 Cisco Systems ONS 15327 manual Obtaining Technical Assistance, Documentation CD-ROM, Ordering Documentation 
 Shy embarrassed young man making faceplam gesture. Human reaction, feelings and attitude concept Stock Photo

....................

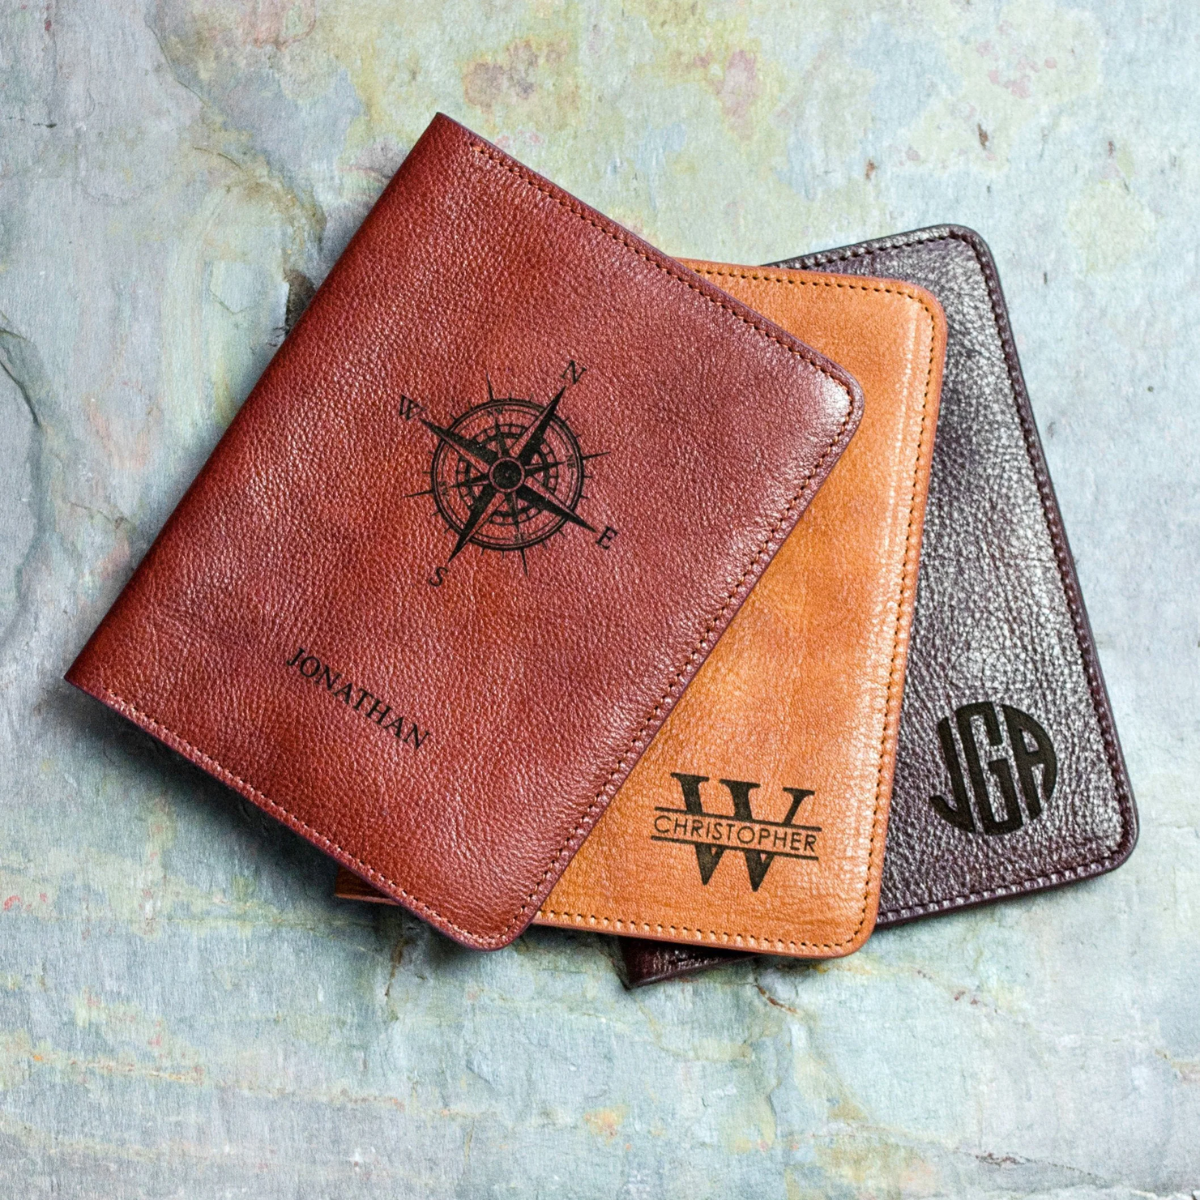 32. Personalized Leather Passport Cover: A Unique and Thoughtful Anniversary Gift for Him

....................

Instructions to follow :: Reproduce exactly, and only, the part of the listing above that begins at the line with "Cisco Systems ONS" and goes on through the line with "Shy embarrassed young".

Worked solution ::
 Cisco Systems ONS 15327 manual Obtaining Technical Assistance, Documentation CD-ROM, Ordering Documentation 
 Shy embarrassed young man making faceplam gesture. Human reaction, feelings and attitude concept Stock Photo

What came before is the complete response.